Shopify (TSX:SHOP)(NYSE:SHOP) is the darling of the Canadian tech world. Its stock has risen more than 5,000% in the six short years since its IPO, and it appears poised to make more gains from here on. Shopify posted $1.1 billion in revenue in its most recent quarter (up 57% year over year) and had positive GAAP and adjusted earnings. While revenue growth did decelerate compared to Q1, SHOP’s results in the quarter beat all expectations.
There’s just one slight problem: Shopify’s size.
At a $235 billion market cap, the company is going to have a hard time matching its past returns in the future. Size is the anchor of performance, after all, and another 5,000% return from here would give Shopify a market cap that would dwarf the biggest U.S. tech giants easily. Most likely, that won’t happen. But similar returns could be delivered by other stocks starting from a lower base. Small-cap stocks always have the potential for extreme returns in a best-case scenario, and the markets have plenty of small/medium cap stocks that have Shopify-like potential. In this article, I’ll explore three such stocks that could be the next big thing.
Lightspeed POS (TSX:LSPD)(NYSE:LSPD) is a Canadian tech stock with a $16 billion market cap. Often referred to as the “next Shopify,” it does have many similarities to Canada’s e-commerce juggernaut. Like Shopify, it is involved in payments and e-commerce. Also like Shopify, it had an IPO a few years ago. Finally, like Shopify, it has delivered superior returns. Since going public in 2019, LSPD has risen over 500% in the markets. That’s not as big as Shopify’s return since its IPO, but Lightspeed hasn’t been a public company for nearly as long. Lightspeed’s most recent quarter was a huge success, with revenue up 220% year over year. That was even better than Shopify’s growth in the same period. So, this is one small stock with big potential.

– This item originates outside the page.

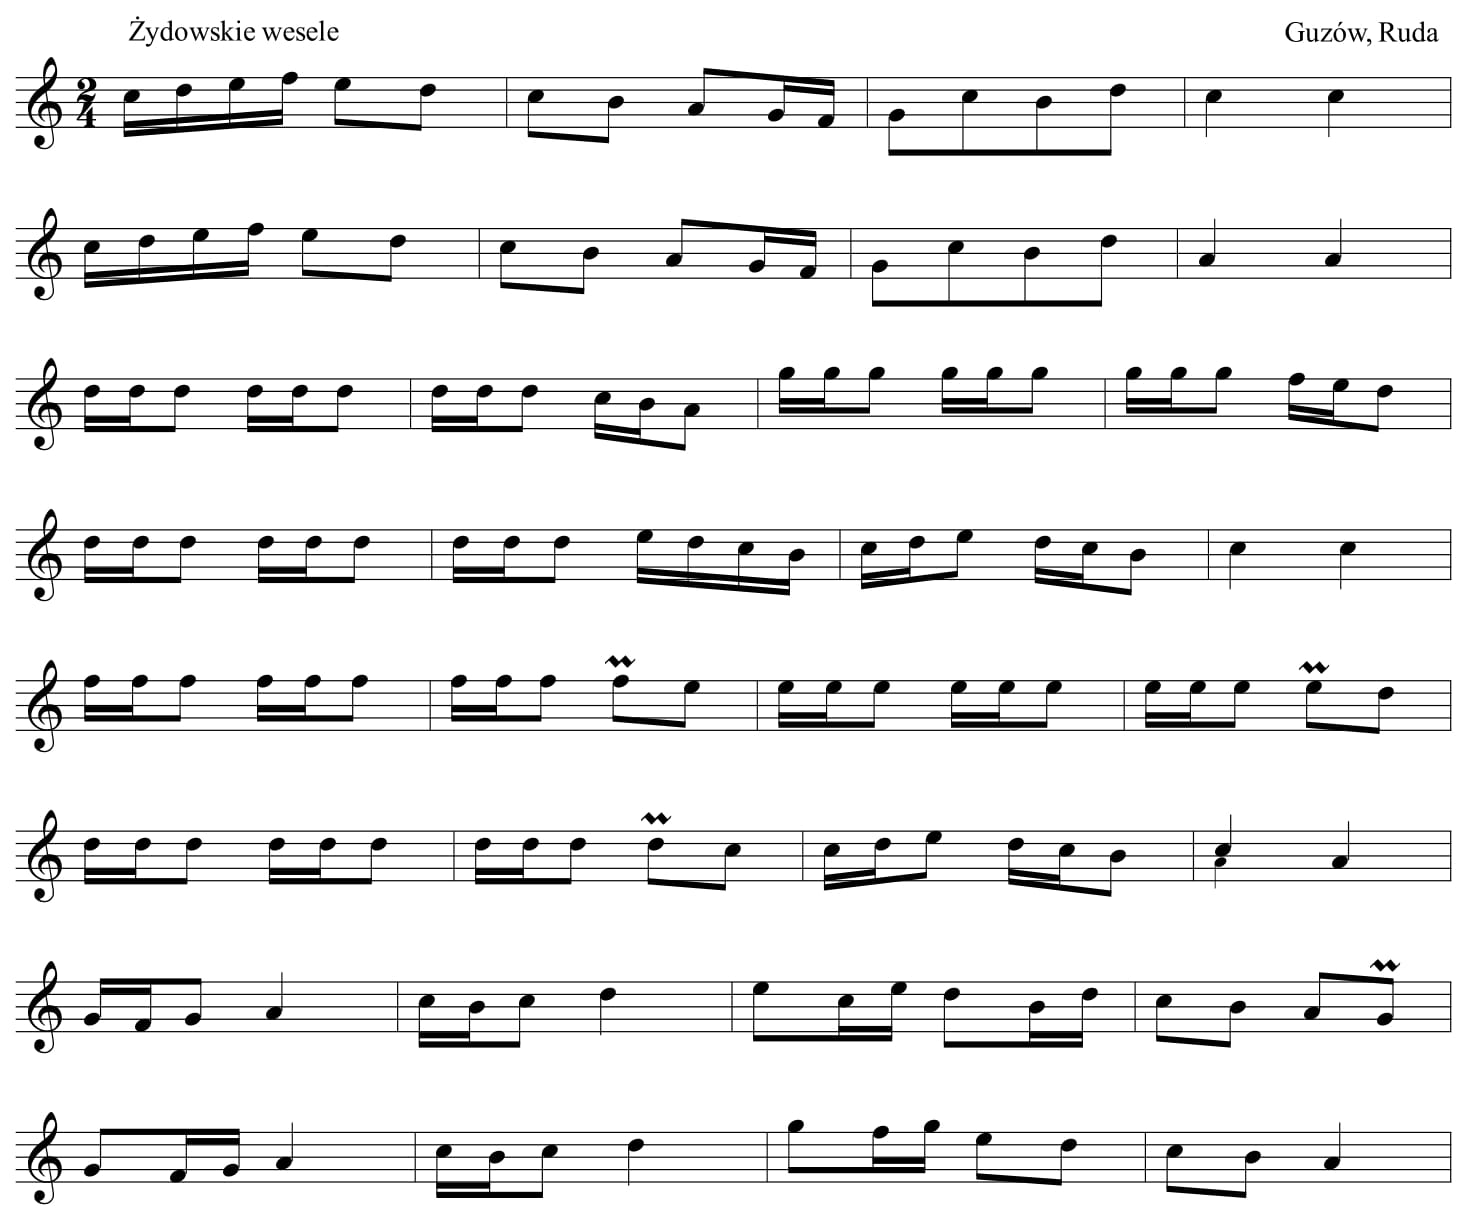 Przykład 4. Repertuar instrumentalny z wesela żydowskiego w Rudzie Guzowskiej z VI części tomu <i>Mazowsze</i> Oskara Kolberga 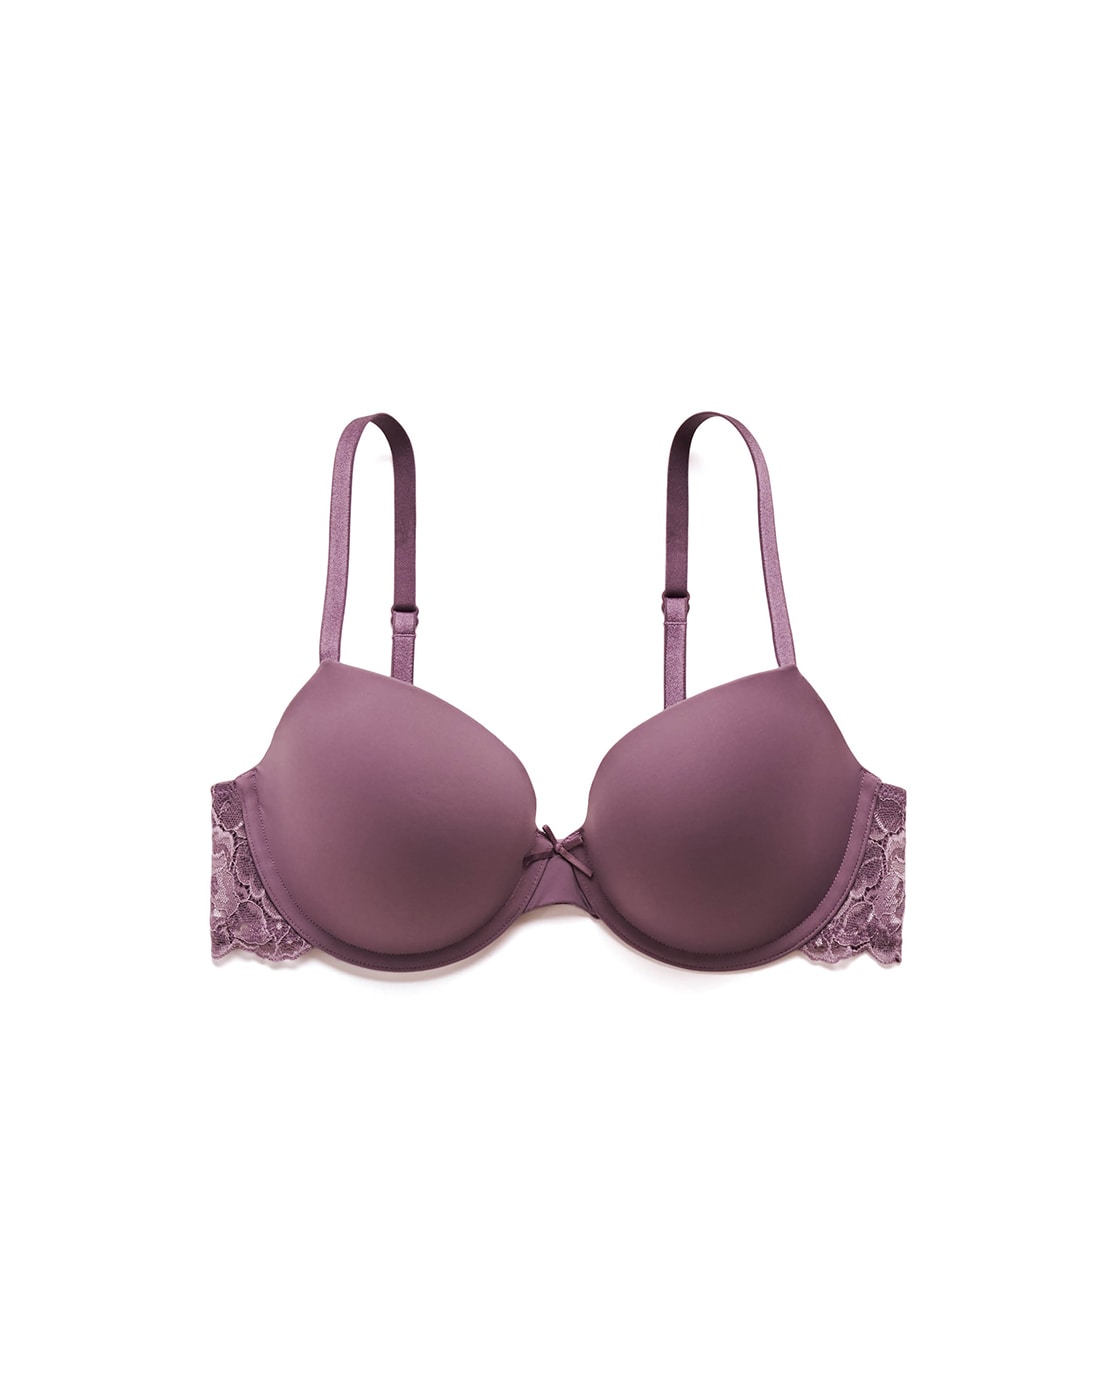 Buy Purple Bras for Women by La Vie En Rose Online

Docebo (TSX:DCBO)(NASDAQ:DCBO) is another Canadian tech company that went public just recently. It closed at $13 on its first day of trading last year and is now worth over $90. It was a mighty impressive, fast gain. And it has the potential to continue. Docebo is a company that creates online learning software for companies to make self-directed online training modules. It has already signed up several well-known Fortune 500 companies as clients. The company’s service became very popular during the COVID-19 pandemic, as the work-from-home trend necessitated remote training. Today, its service is still relevant and may become even more so if the Delta variant hits hard in the fall.
Square (NYSE:SQ) is the one non-Canadian company on this list. It’s a fintech company that is best known for developing card readers for mobile phones. It also owns Cash App, a money-transfer service that lets people send Bitcoin for free. The company is currently in the process of buying Afterpay, a “buy now, pay later” app. Square’s most recent quarter was a huge beat, with cash earnings up 86% and total net income up an astounding 143%. Even with Bitcoin’s price collapsing in the second quarter, Square still saw a huge revenue boost due to the sheer volume of payments. However, it had to take some impairments because of the Bitcoin on its balance sheet. Overall, it was a solid quarter, and Square should continue rising from here on out.